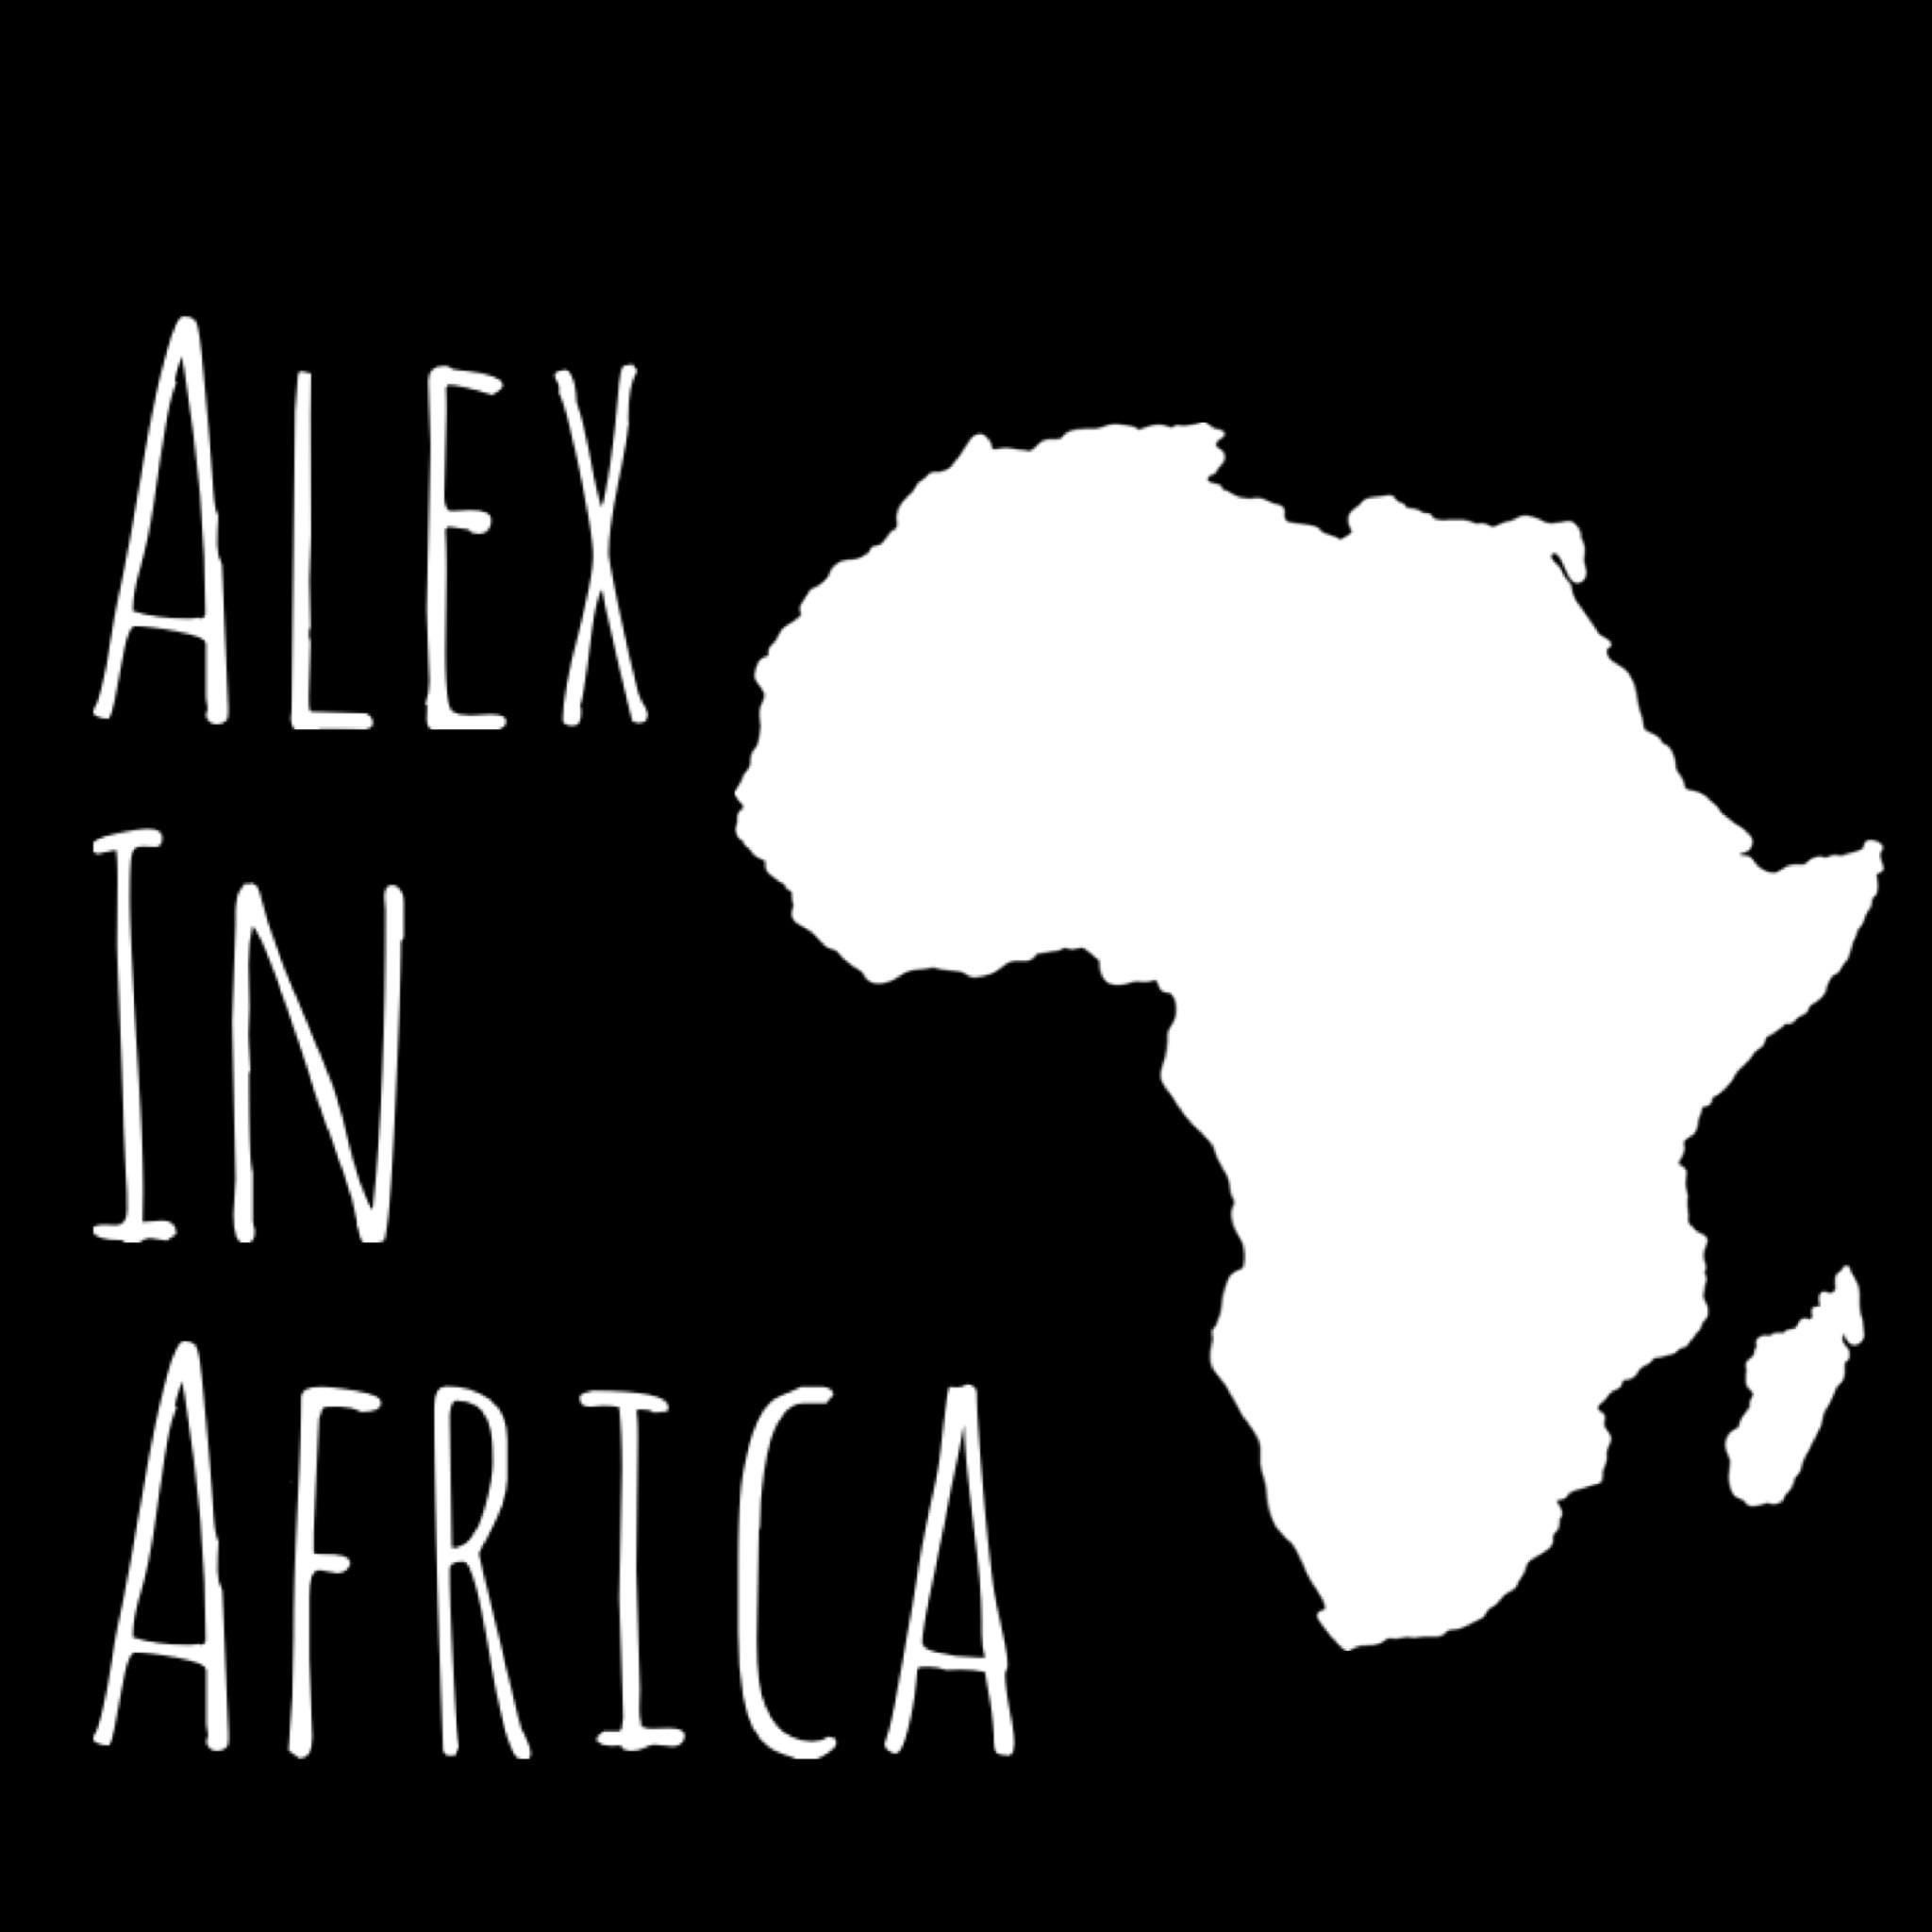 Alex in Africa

# # # # #

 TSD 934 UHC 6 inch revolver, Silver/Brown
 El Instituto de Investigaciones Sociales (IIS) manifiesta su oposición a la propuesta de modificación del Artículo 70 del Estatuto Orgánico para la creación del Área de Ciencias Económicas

# # # # #

## PROBLEM REQUIREMENTS
The answer is the lines above between the line holding "TSD 934 UHC 6 inch revolver, Silver/Brown" and the line holding "El Instituto de", inclusive, each written out exactly, and no others.

## RESPONSE BOX
 TSD 934 UHC 6 inch revolver, Silver/Brown
 El Instituto de Investigaciones Sociales (IIS) manifiesta su oposición a la propuesta de modificación del Artículo 70 del Estatuto Orgánico para la creación del Área de Ciencias Económicas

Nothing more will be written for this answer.